2. Another way we have experienced God’s kindness is from friends who have literally shown up on my doorstep and scooped up my kids to take them to classes, rehearsals, or offer rides home, and even having them join their family on fun outings. I’m emotionally and physically unable to do these things with my kids right now. (This may sound extreme, but I was literally waiting for my body to suddenly go into labor that had a high risk of me also hemorrhaging  before making it to the hospital. I was in physical pain from cramping and trying to fight off infection, and now experiencing the physical and emotional pain of recovering from surgery. My body and mind just haven’t been capable of a lot of things we normally do, so having people step in and step up has again been such a beautiful expression of God’s love and kindness through His people. My little ones may not be able to fully express to you right now how important this is for them, but I promise you this momma sees it, and I know they’ll look back on it one day with a true appreciation. I also see you being gracious with my older kids who haven’t figured out a way to properly articulate how they’re feeling, and you’ve offered them love and patience when maybe they seem to ignore your condolences. I see how it touches them even though they may not express it well. You are being salt and light to them, and it has been a blessing to my hurting heart and provided for a need I don’t really have the guts to always ask for—when you’re dealing with a heavy burden, the last thing you want to do is place even the smallest burden on someone else. 

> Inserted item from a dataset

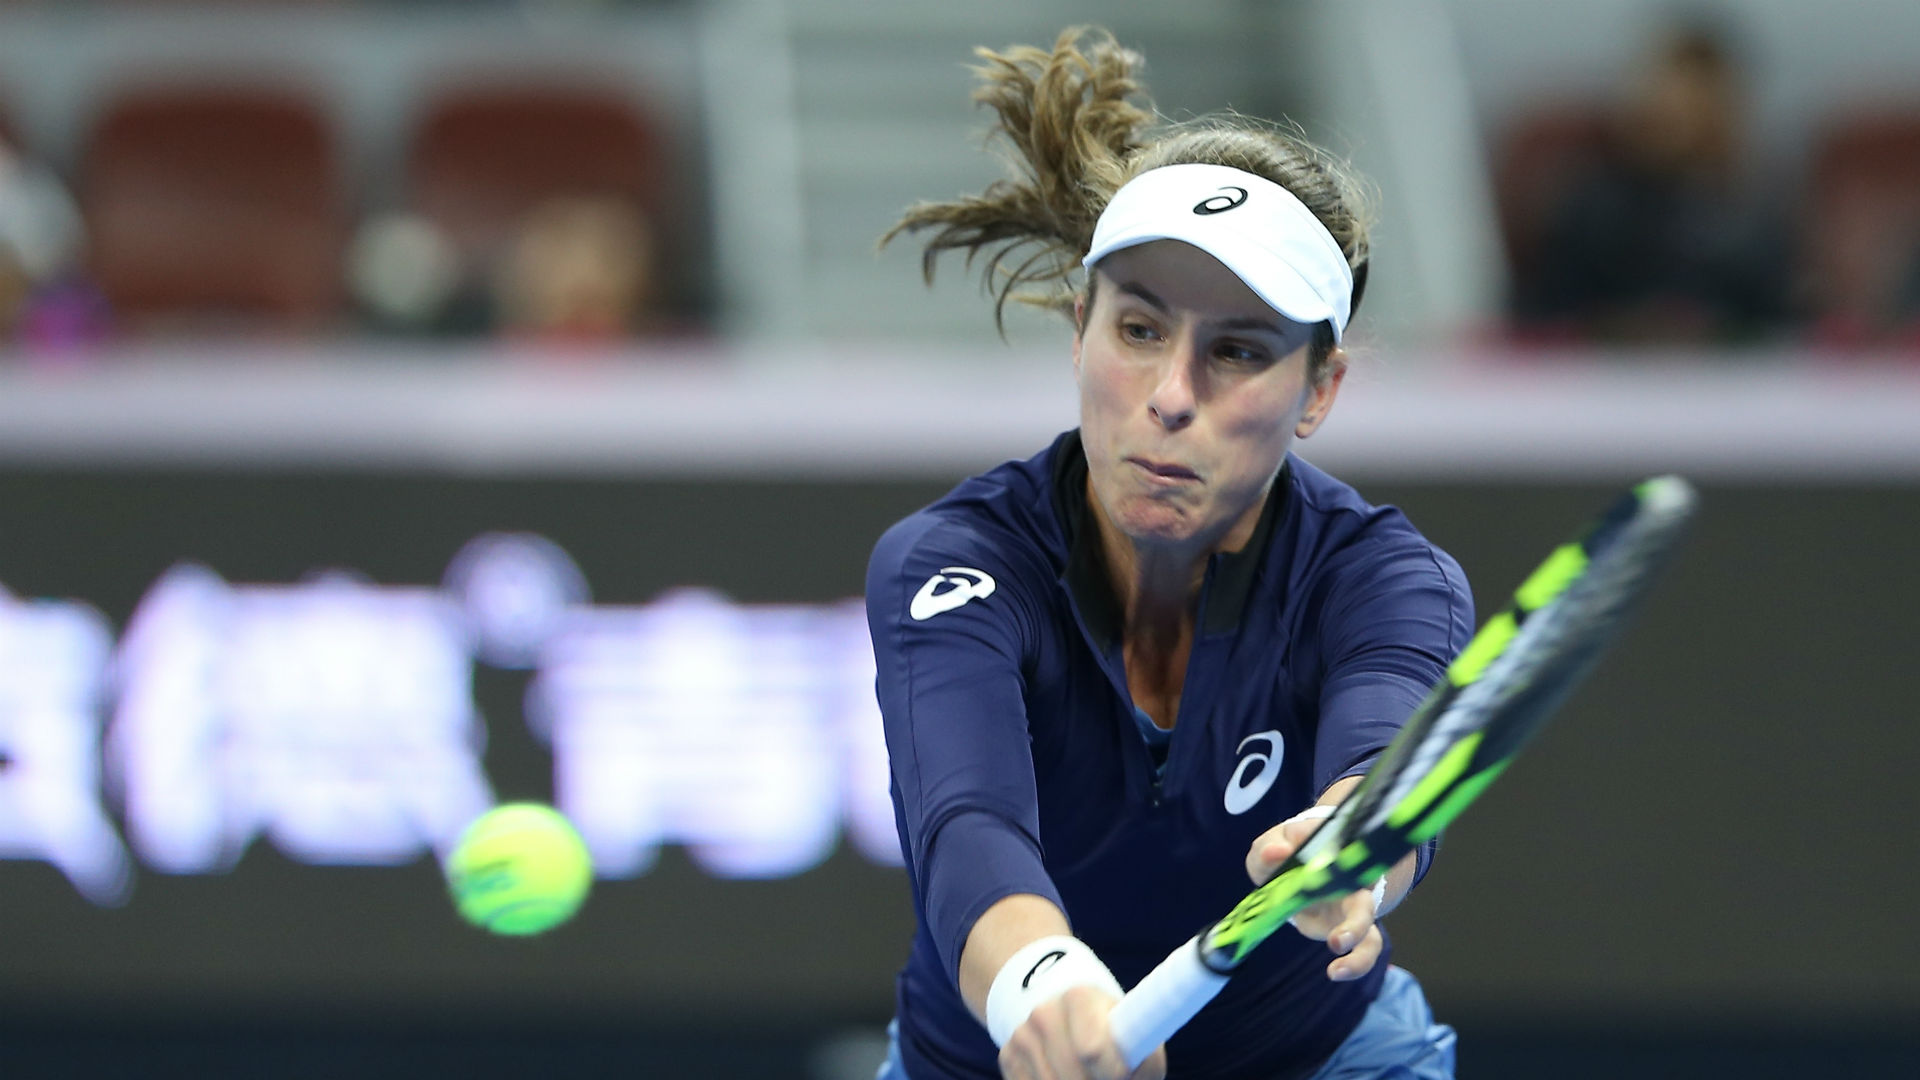 Johanna Konta has had a 2018 to forget but the British number one reached round two in Moscow at Elise Mertens' expense.

3. I’ve also experienced God’s tangible love through precious coworker friends eagerly and willingly taking over my responsibilities at work so I can have the time I need to recover. They all have plenty on their plates, too, and it has been so selfless of them to allow me the time my body and spirit need. As I awoke from surgery today, one of the first things out of my mouth (I was highly “under the influence” and only know this because my husband shared it with me) to my husband was, “get me my binder—I need to finish recording parts for rehearsal and work on my lesson plans.” My husband quickly reminded me that all I needed to do in that moment was rest and remember that all of that was already well taken care of. When you’re grieving, your mind often freezes (as I’ve explained previously) but at some points it will awaken in a very frantic way. For me, this is out of guilt of placing a burden on someone else. I felt the need to get back to work as quickly as possible. But in reality, my body and my mind need time to recover, and my husband reminded me that I have MANY people who are happy to give me that time. (If you are up for a laugh, feel feee to ask my hubby all of the off the wall things that came to out of mouth while waking up from anesthesia and a cocktail of nausea medications.)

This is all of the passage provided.